Problem statement:
Return all the lines below exactly. Any picture among them is omitted.

Dataset content:
--- START ---

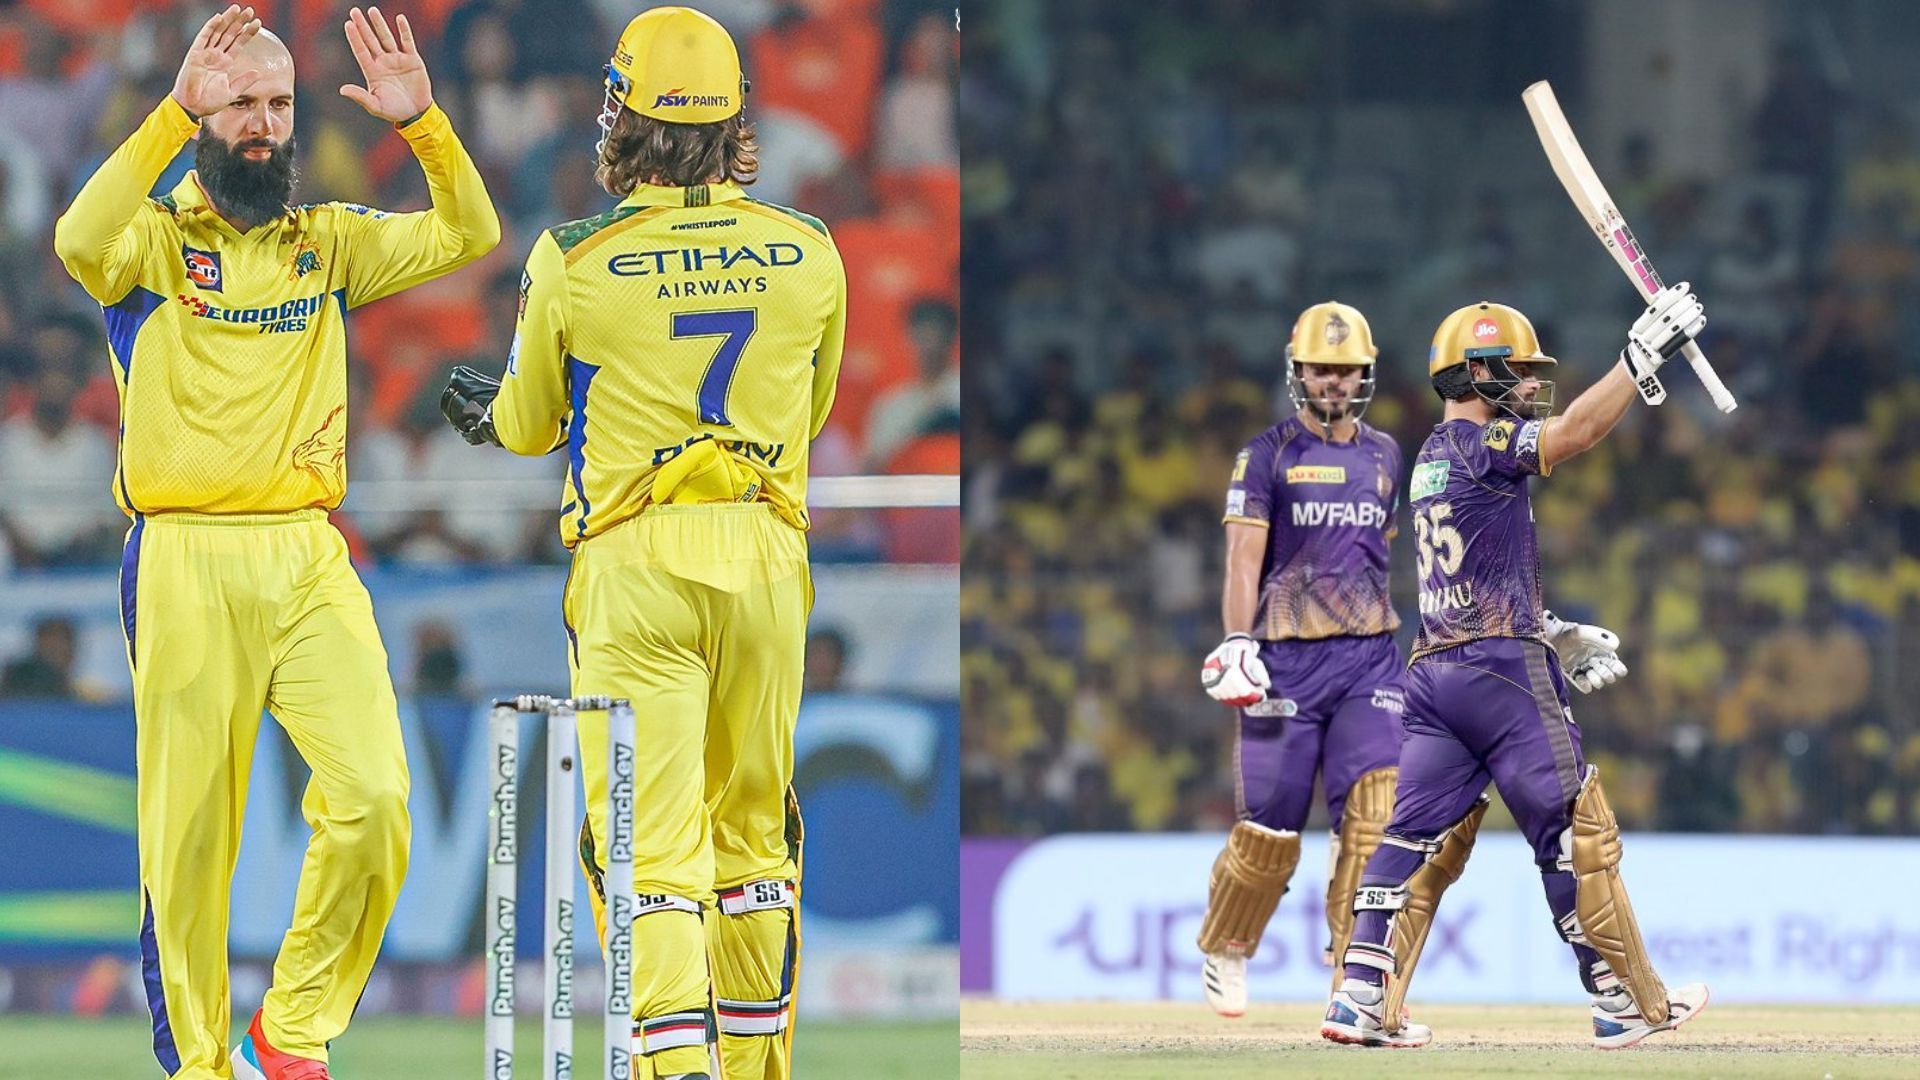 Chennai would be desperate to bring their campaign back on track against rampant KKR.
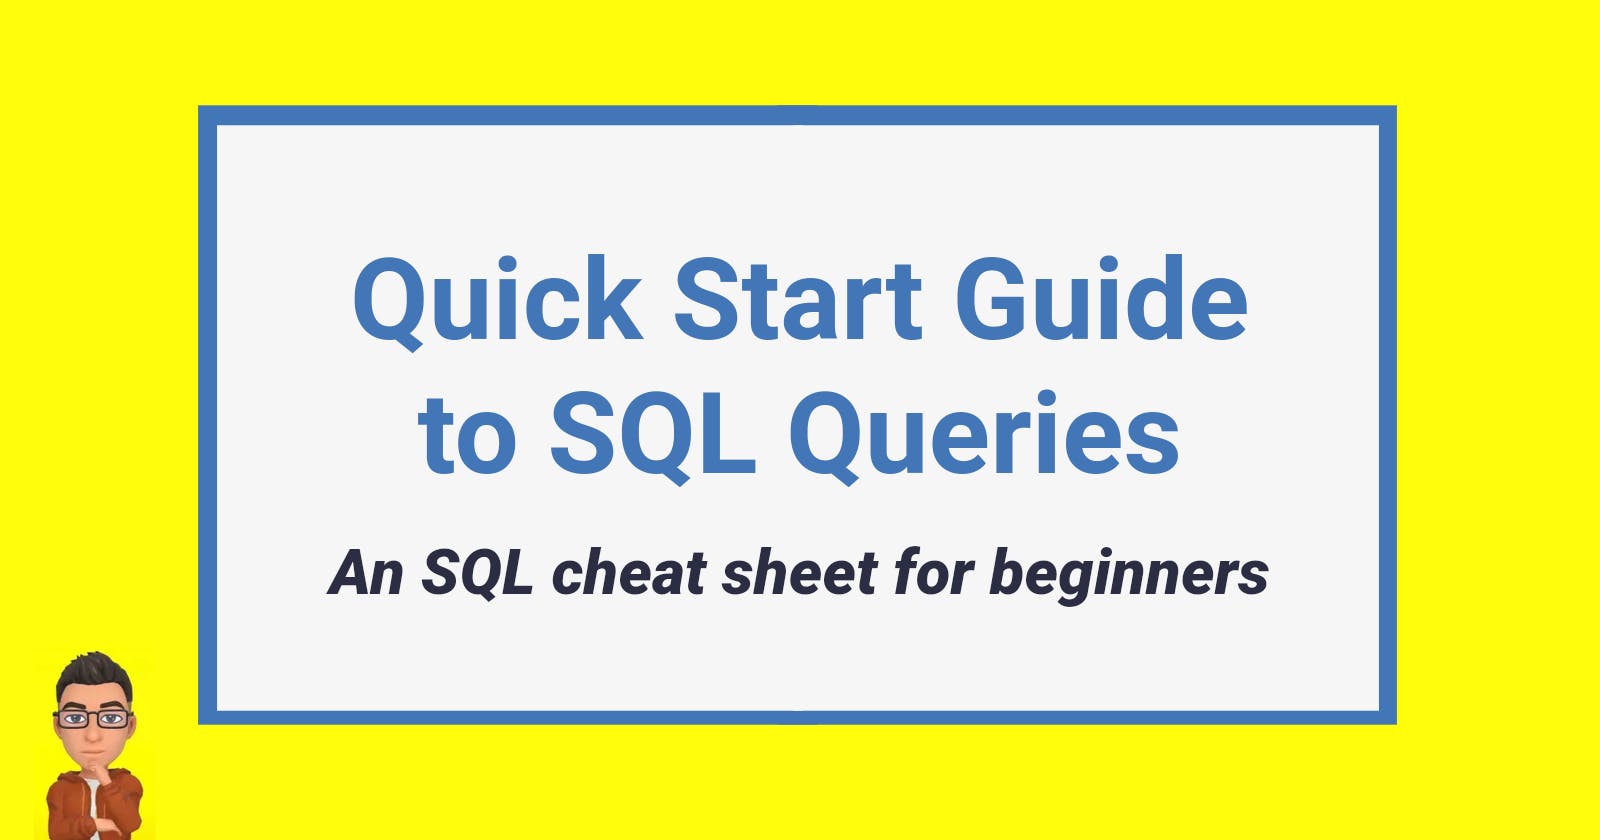 Quick Start Guide to SQL Queries
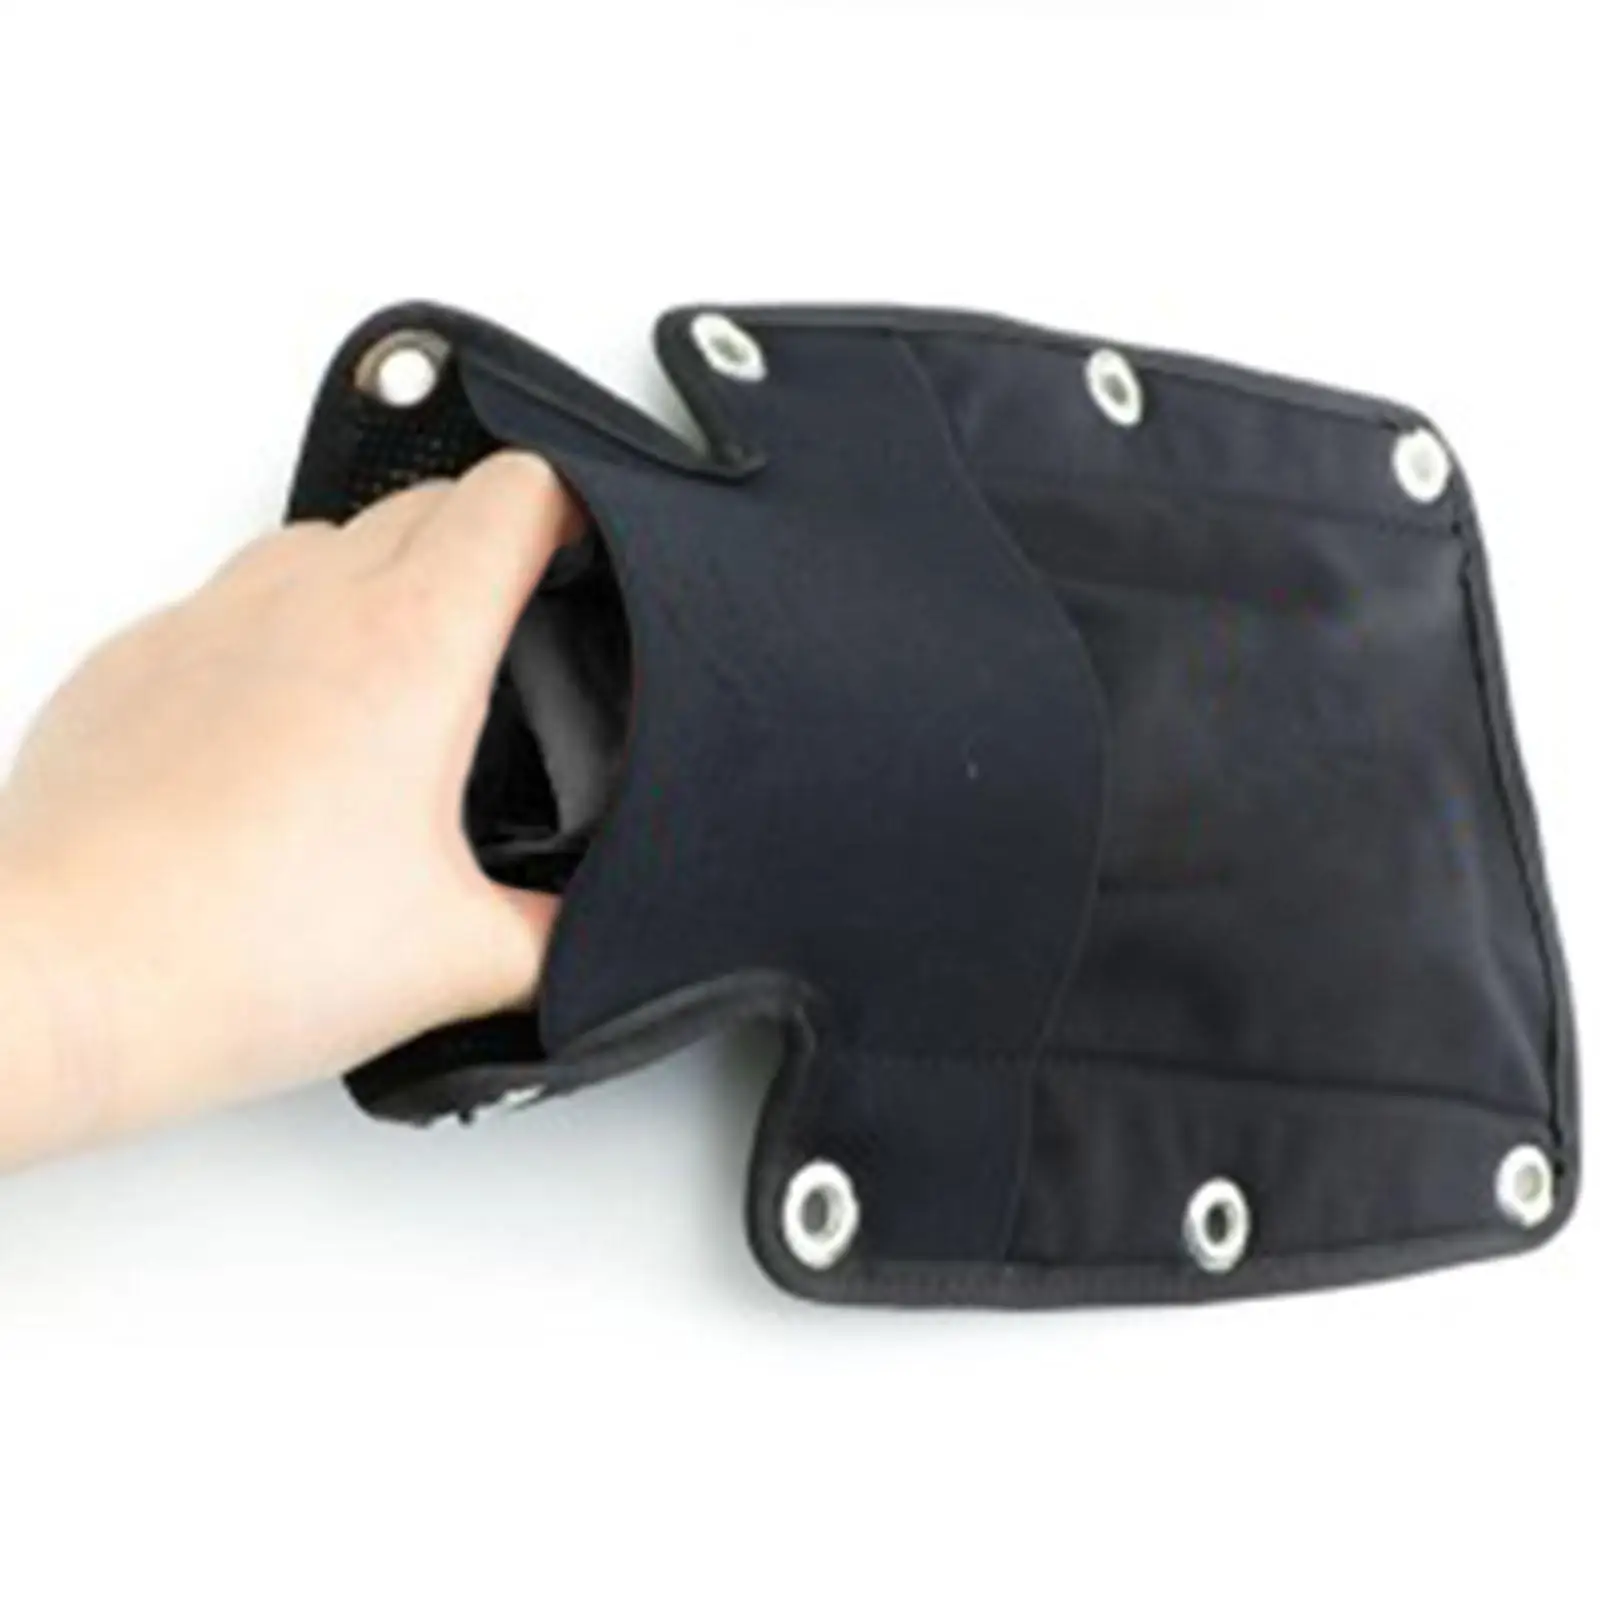 Scuba Diving Backplate Pad with Screws with Storage Pocket Nylon for Harness
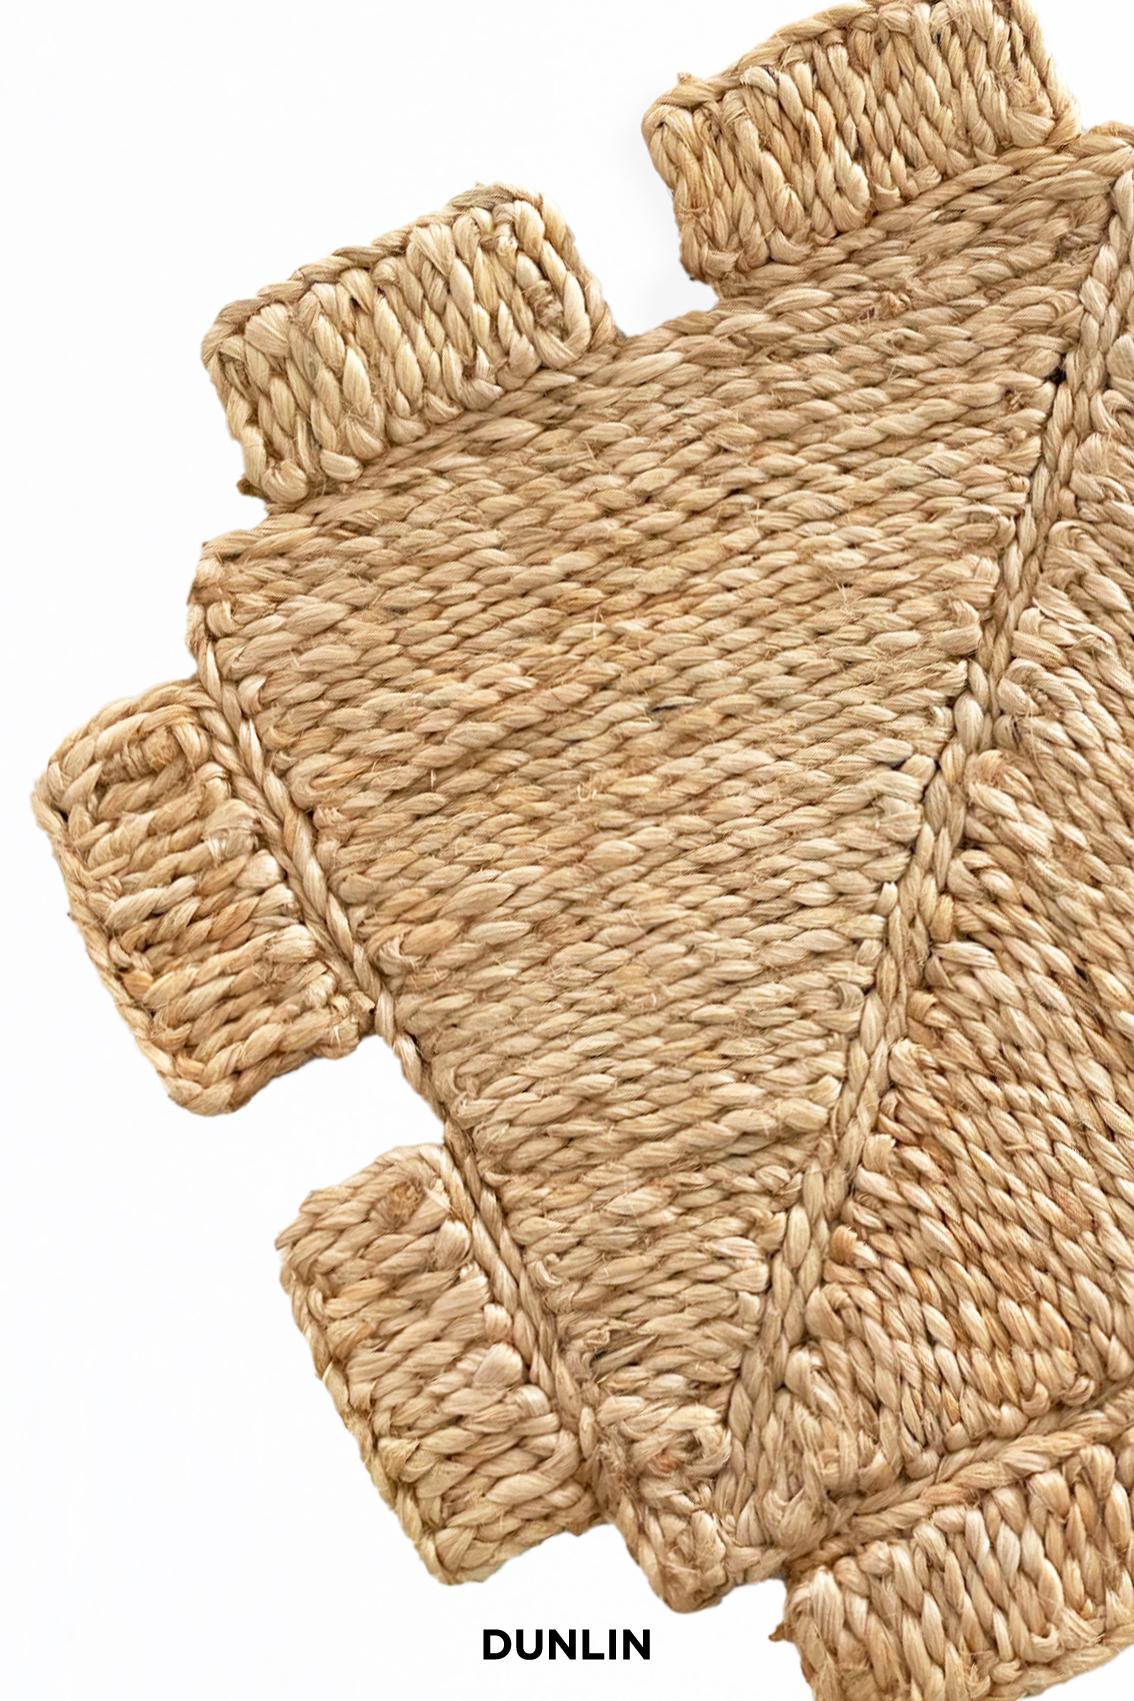 Woven Jute Block Placemats and Trivets by, J'Jute

--- END ---

The completed task:
 Chennai would be desperate to bring their campaign back on track against rampant KKR.
 Quick Start Guide to SQL Queries
 Scuba Diving Backplate Pad with Screws with Storage Pocket Nylon for Harness
 Woven Jute Block Placemats and Trivets by, J'Jute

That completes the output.